Larangan Rangkap Jabatan Organ Yayasan Perlu Diatur Lugas
Berita

Larangan Rangkap Jabatan Organ Yayasan Perlu Diatur Lugas

Jakarta, hukumonline. Perkembangan Rancangan Undang-undang (RUU) tentang Yayasan mendapatkan sorotan luas dari berbagai pihak. Kini, usulan agar penerapan larangan rangkap jabatan (asas inkompatibel) di dalam kegiatan pelaksanaan operasional sehari-hari organ yayasan dilakukan secara lugas semakin menambah deretan tanggapan atas RUU ini.

Oleh:
Muk/Bam/APr
Bacaan 2 Menit
Larangan Rangkap Jabatan Organ Yayasan  Perlu Diatur Lugas
Hukumonline

Keinginan agar asas inkompatibel diterapkan secara lugas itu mengemuka pada seri lokakarya RUU Yayasan di lima kota, yakni Medan, Semarang, Yogyakarta, Surabaya, dan Jakarta. Adalah Prof. Dr. Arifin Soeriatmaja, akademisi dari Universitas Indonesia, yang melontarkan keinginan itu.

Munculnya usulan itu, menurut Arifin, agar organ yayasan tetap berada dalam koridor maksud dan tujuan yang digariskan yayasan. Arifin melihat, asas inkompatibel ini sebenarnya telah termuat dalam ketentuan Pasal 29 RUU Yayasan. Namun, ungkap Arifin, asas ini hanya berlaku pada organ yayasan secara horisontal, seperti anggota pembina, anggota pengurus, dan anggota pengawas.
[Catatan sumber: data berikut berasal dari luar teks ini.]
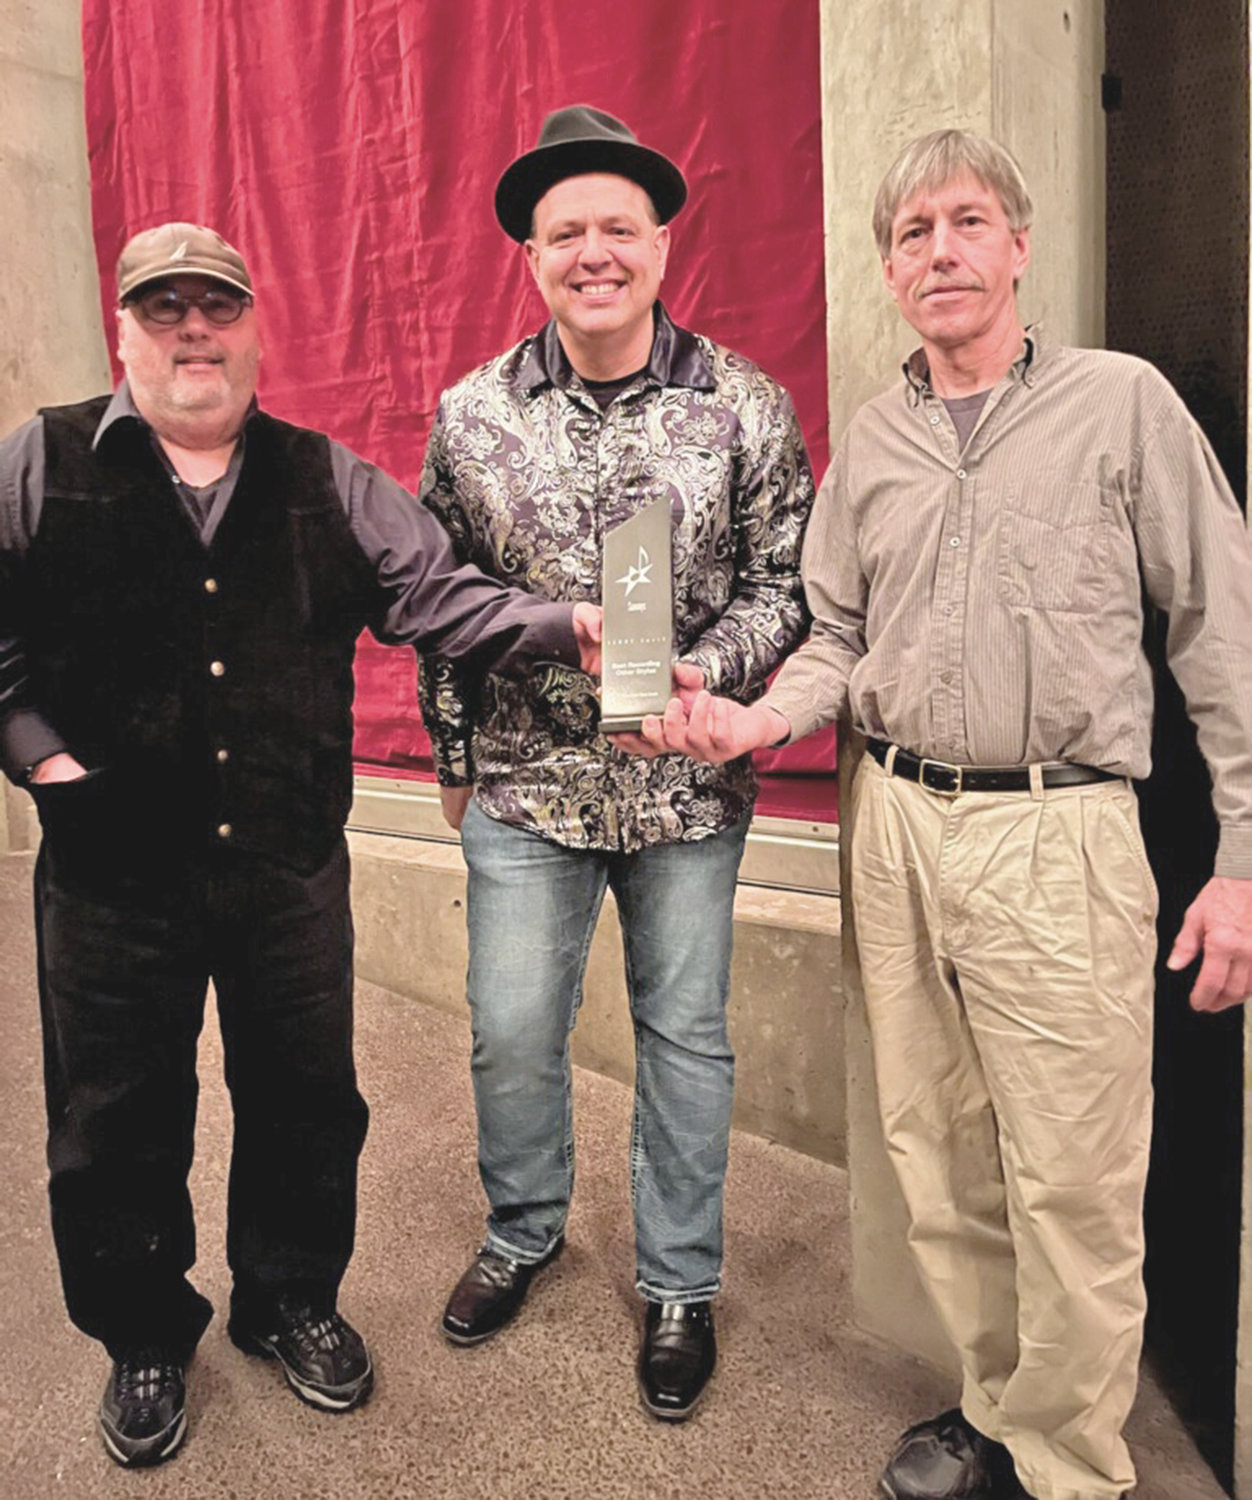 AWARD WINNERS — Members of Fritz’s Polka Band, from left, Gabe Vaccaro, Fritz Scherz, and Frank Nelson, pose with their SAMMY Award.

"Asas ini tidak berlaku pada anggota pengurus lainnya secara vertikal, seperti ketua, sekretaris, dan bendahara yayasan," ujar Arifin. Menurutnya, penerapan asas inkompatibel penting untuk dilakukan dalam kerangka itu, meskipun hubungan antara ketua, sekretaris, dan bendahara merupakan hubungan horisontal.

Pasalnya, menurut Arifin, organ yayasan yang terlibat dalam penggunaan keuangan yayasan adalah para anggota pengurus tersebut. Oleh karena itu, Arifin mengusulkan, pada Pasal 32 RUU yayasan perlu dipertimbangkan penambahan satu ayat lagi yang memberlakukan  asas inkompatibel terhadap organ pengurus ini.

Kejelasan otoritas

Selain itu, Arifin juga mengusulkan adanya pengaturan secara jelas mengenai kewajiban pengurus untuk menyusun rencana kerja dan rencana anggaran tahunan yang diajukan kepada pembina, dengan tembusan kepada pengawas.

Sambil mencontohkan kasus Buloggate, Arifin menilai perlu pula pengaturan secara tegas siapa  yang dapat bertindak sebagai otorisator yang berwenang dan  bertanggungjawab membebani keuangan yayasan. Termasuk pula siapa yang dapat bertindak sebagai ordonator yang berwenang dan bertanggungjawab untuk menguji kebenaran otorisasi dan memerintahkan pembayaran.

Hal yang perlu juga diatur, tambah Arifin, adalah organ yayasan mana yang dapat bertindak sebagai bendahara yang berwenang dan bertanggungjawab menerima, menyimpan dan mengeluarkan ataupun membayar uang atau harta yayasan, dan melakukan pembukuan.